I have a movement dataset and a map of Canada as a shapefile (.shp). An example of the movement dataset looks like this (the coordinates are projected in ESPG:5321):
longitude latitude DateTimeRounded
459663.3 7181890 2007-09-10
459734.2 7181938 2007-09-11
459680.5 7181933 2007-09-12
459640.1 7181893 2007-09-13
459605.2 7181897 2007-09-14
459928.7 7182175 2007-09-15
459855.1 7182104 2007-09-16
I'm not sure how to attach or show the shapefile, but if any one has suggestions, please let me know!
My goal is to create a new column in my dataset called "region", which indicates in which province my each data point is. If a datapoint is outside the borders of any province (i.e., in the sea), I want the associated entry in the region column to be NA.
The final dataset would look something like this:
longitude latitude DateTimeRounded region
459663.3 7181890 2007-09-10 Manitoba
459734.2 7181938 2007-09-11 Manitoba
459680.5 7181933 2007-09-12 Manitoba
459640.1 7181893 2007-09-13 NA
459605.2 7181897 2007-09-14 NA
459928.7 7182175 2007-09-15 NA
459855.1 7182104 2007-09-16 Ontario
Originally, I used the package rgdal to do this, but since it has been retired I'm not sure how to go about it anymore. Would any one know how I can do this using other spatial packages like sp or terra?
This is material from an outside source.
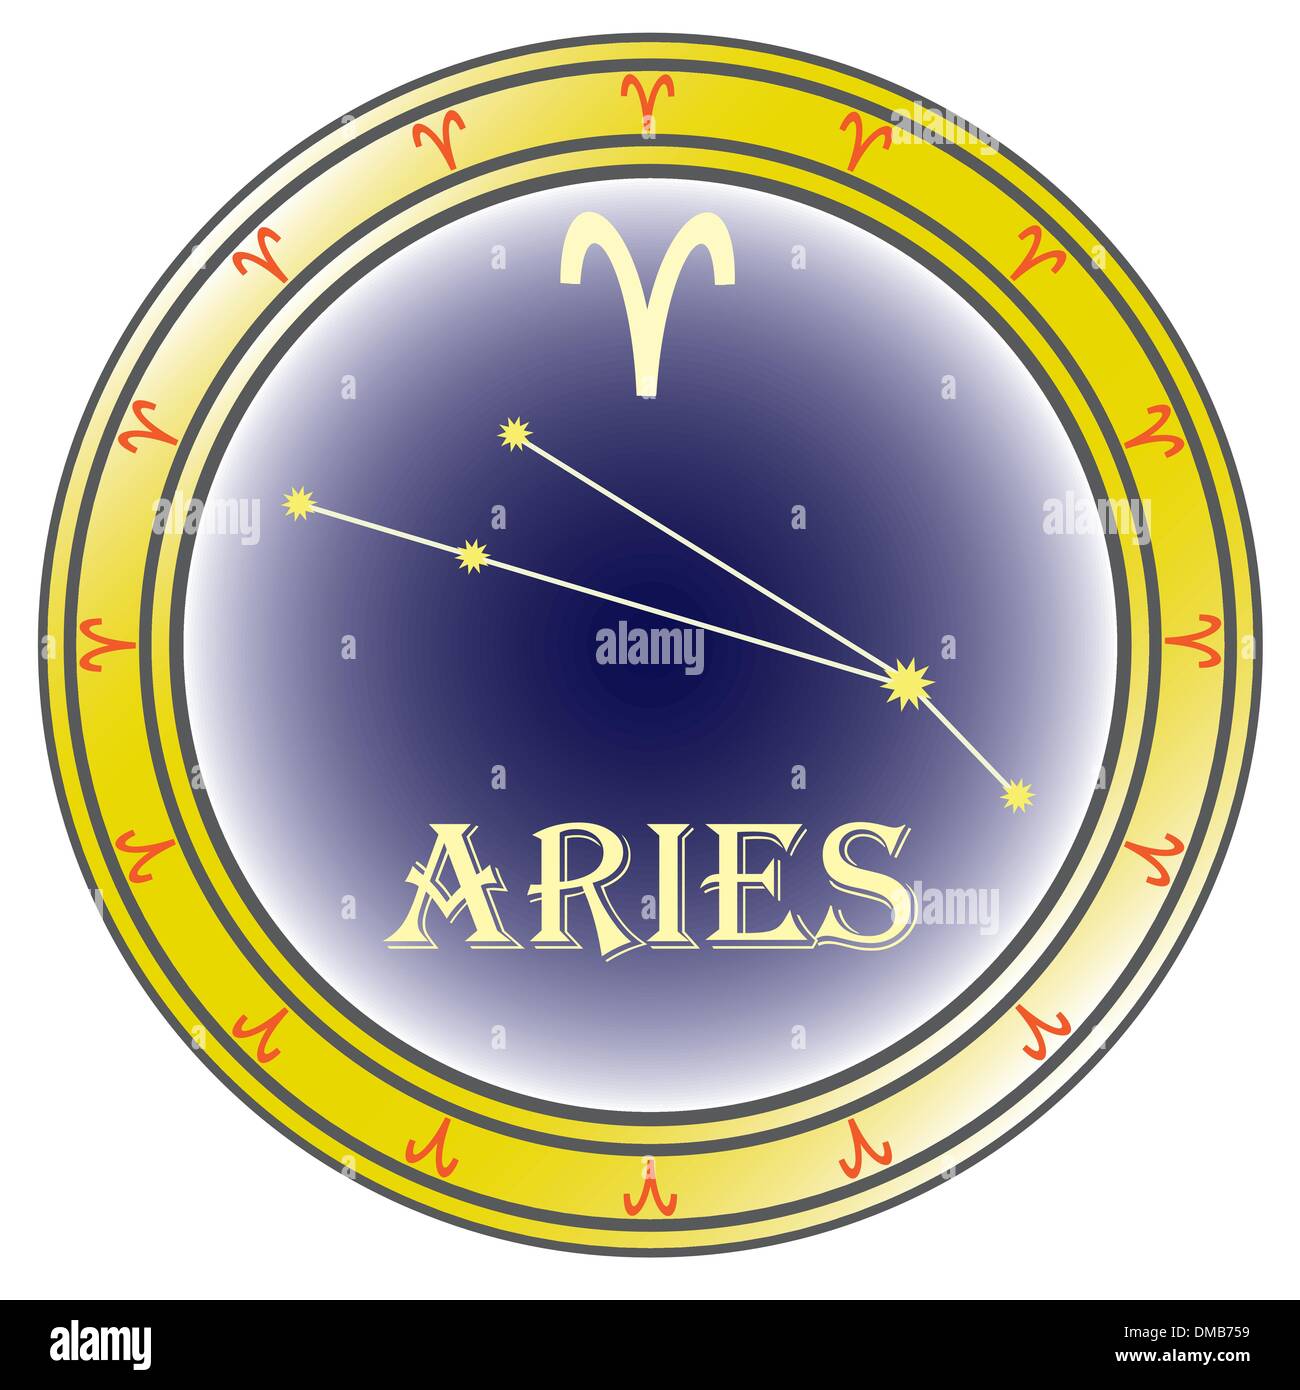 Aries sign Stock Vector Images - Alamy
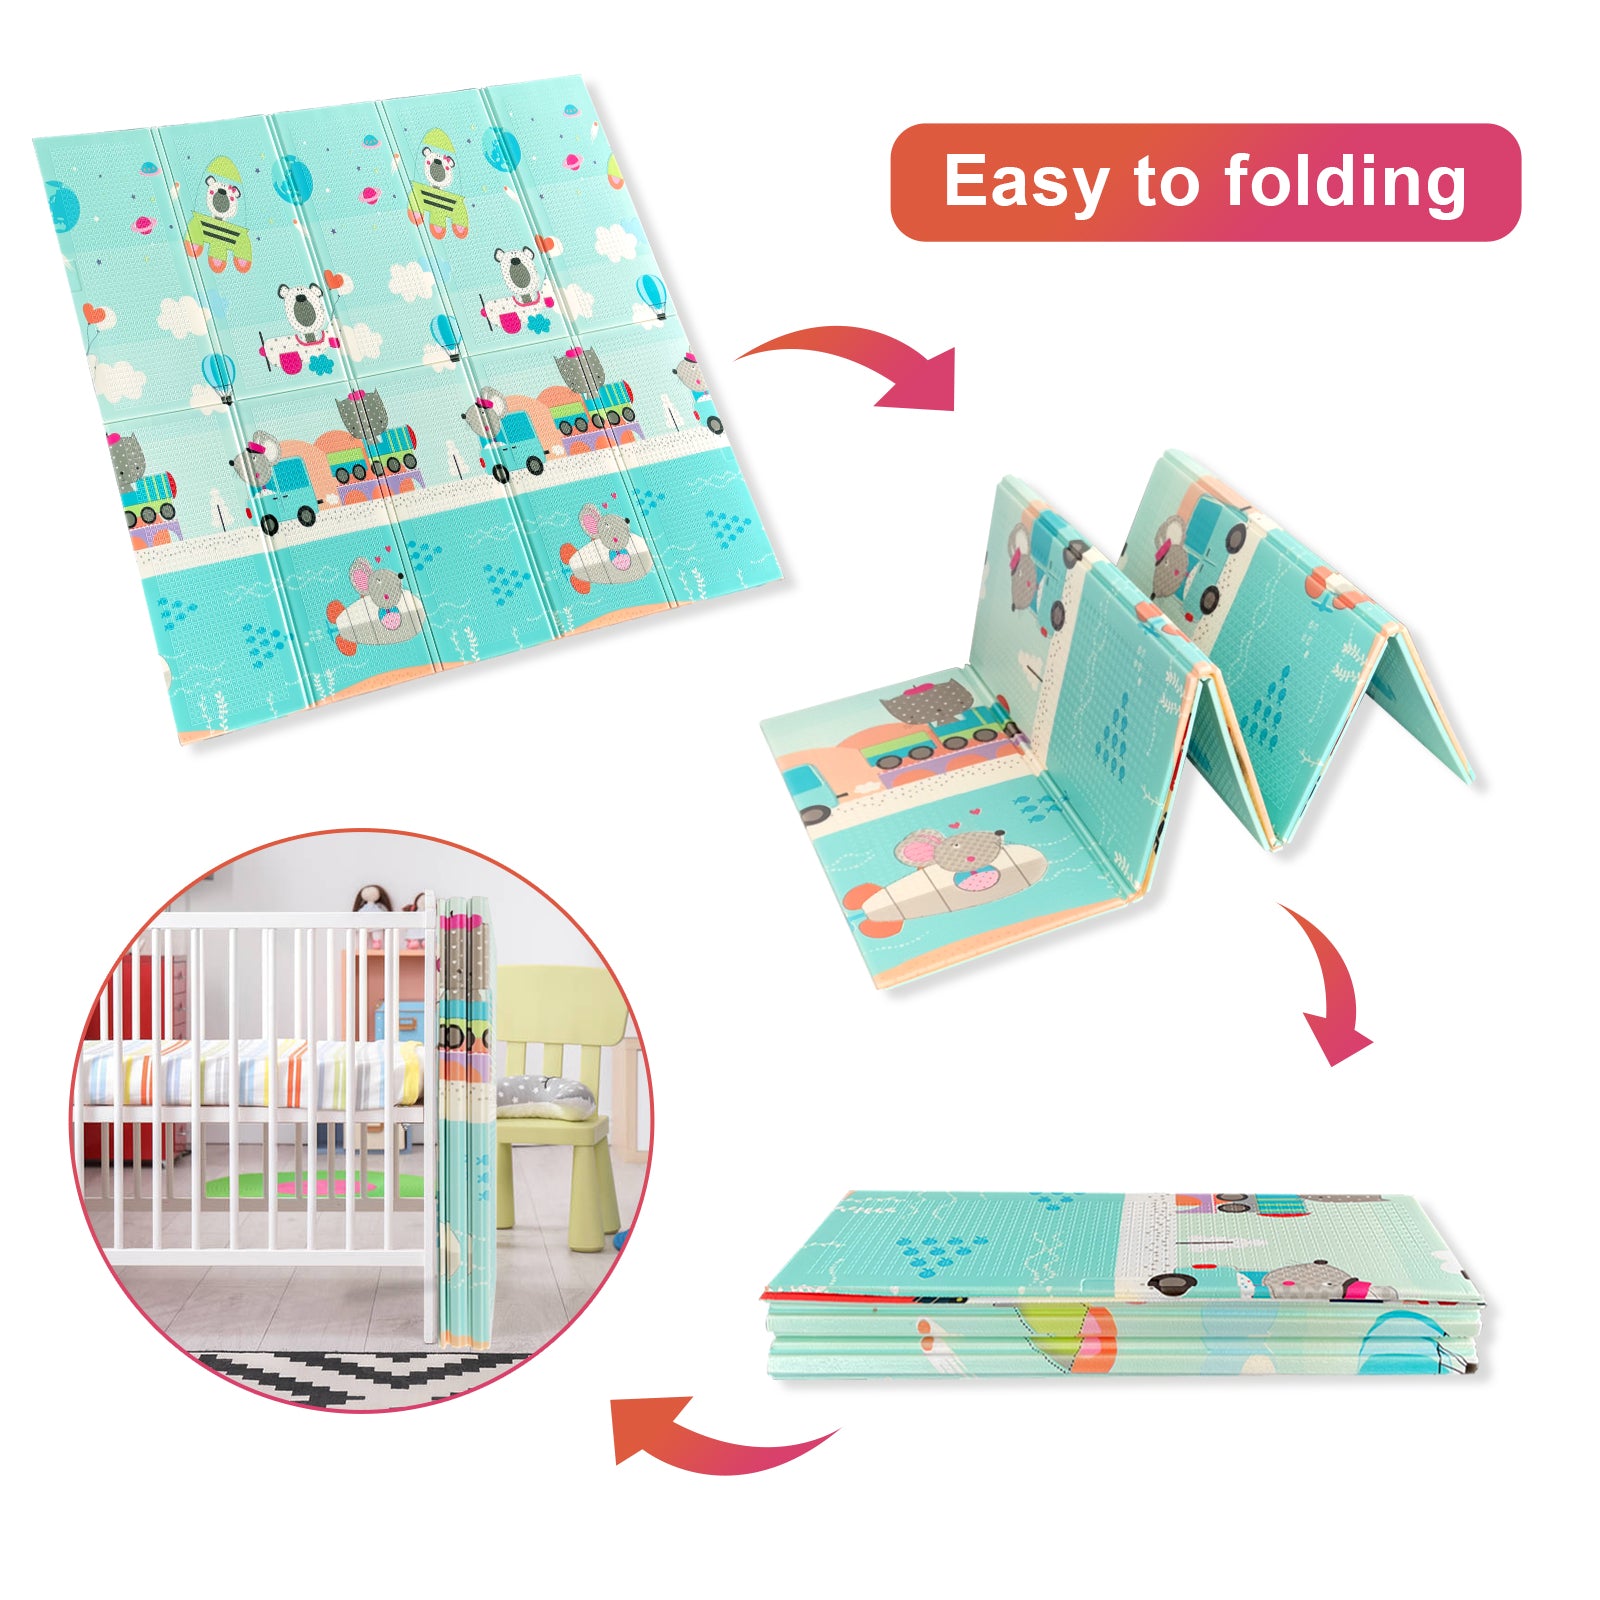 Baby Crawling Mat for Sale | Thick Baby Play Mat For Floor

This is what the original code looked like for reference:
setwd("CanadaMap/") # Directory for Canada Map
CANmap = readOGR(dsn=".", layer= "canada 5321")#File path to Canada Map
coordinates(df) = ~longitude + latitude #change longitude/latitude to what the lat/long columns are in your data frame
proj4string(df) <- CRS("+init=epsg:5321") #Use the correct reference system for your data
df <- spTransform(df, CRS("+proj=lcc +lat_1=44.5 +lat_2=54.5 +lat_0=0 +lon_0=-84 +x_0=1000000 +y_0=0 +ellps=GRS80 +towgs84=0,0,0,0,0,0,0 +units=m +no_defs")) #denotes what CRS to use for df (same as mapCRS above)
df$region = over(df,CANmap)$NAME #adds column for region (which was province)
df<-as.data.frame(df)
The sf
package may work for your case.
library(sf)
library(dplyr)
# Load example North Carolina data set from sf package
example_shapefile <- st_read(system.file("shape/nc.shp", package="sf"))
# Generate a bounding box
example_bbox <- st_bbox(example)
# This is just to create random fake coordinates within the bounding box
example_coords <- data.frame(
id = 1:40,
long = runif(40,example_bbox[1],example_bbox[3]),
lat = runif(40,example_bbox[2],example_bbox[4])
) |>
st_as_sf(
coords = c("long", "lat")
)
# Set CRS of our fake data to match our example shapefile
# Check example shapefile CRS with st_crs(example_shapefile)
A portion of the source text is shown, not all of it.